L’AMMINISTRATORE È OBBLIGATO AD AMMINISTRARE

Molto clamore ha destato l’ordinanza 24920/2017 delle VI sezione della Corte di Cassazione, che ha respinto il ricorso di un condominio avverso alla sentenza della Corte d’Appello di Perugia, che riformando la sentenza del Tribunale di Terni aveva ritenuto l’amministratore esente da responsabilità contrattuali. Infatti, la Suprema Corte ha puntualizzato che l’amministratore «nell’esercizio delle funzioni assume la veste del mandatario e, pertanto, è gravato dall’obbligo di eseguire il mandato conferitogli con la diligenza del buon padre di famiglia a norma dell’articolo 1710 Codice civile. Nel caso di specie, la Corte d’appello ha accertato, con apprezzamento in fatto, che l’amministratore nel periodo 2005/2006 aveva più volte sollecitato, anche per iscritto, i condomini morosi al versamento delle quote condominiali, avendo egli la facoltà e non l’obbligo di ricorrere all’emissione di un decreto ingiuntivo nei riguardi dei condomini morosi.
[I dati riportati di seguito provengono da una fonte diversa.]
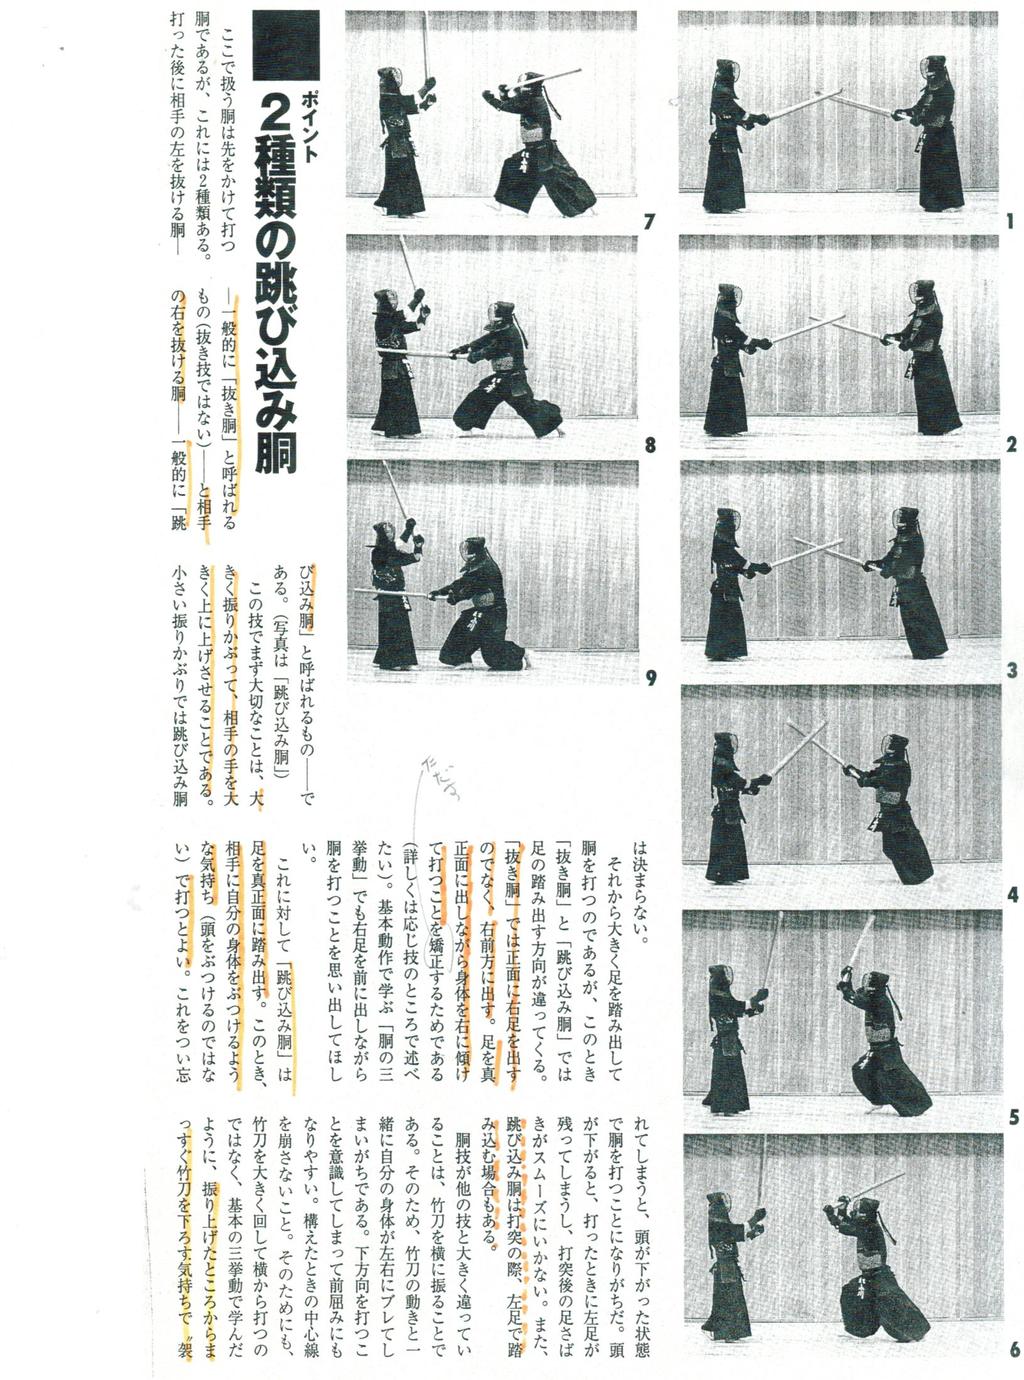 KENDO CLASSROOM ( 剣道教室 ) for Wining Kendo Waza Dō Page 1 of 7 Dō Strike Shikake Waza - Tip 1 The illustrated Waza 1-9 is called Tobikomi-Dō ( 飛び込み胴 ).

La deduzione appare corretta perché l’articolo 63 disposizioni attuative del Codice civile non prevede un obbligo,

ma solo una facoltà di agire in via monitoria contro i condomini morosi (può ottenere decreto di ingiunzione...) e, pertanto, non merita censura la decisione impugnata laddove ha escluso la violazione dell’obbligo di diligenza da parte dell’amministratore per essersi comunque attivato nella raccolta dei fondi, avendo comunque messo in mora gli inadempienti.

L’ESPROPRIO? SI PAGA

Interessantissima ordinanza della I sezione della Corte di Cassazione, che ha respinto il ricorso presentato dal comune di Aosta. Il comune chiedeva la cancellazione della sentenza della Corte d’Appello di Torino che aveva condannato la stessa amministrazione a risarcire un condominio al quale aveva espropriato un’area di 173 metri quadri di terreno già adibiti a parcheggio condominiale. E non solo dell’importo equivalente al valore intrinseco del terreno, ma anche del danno arrecato all’immobile nelle sue parti commerciali, che non disponendo più dell’area di parcheggio, a giudizio della Corte torinese, risultavano svalutate del 10% rispetto all’originario. Infatti, i giudici di Cassazione con la loro decisione hanno confermato «il diritto del Condominio a vedere indennizzata la perdita della proprietà comune sotto il duplice profilo del valore dell’area espropriata e della perdita di valore della parte di proprietà residua».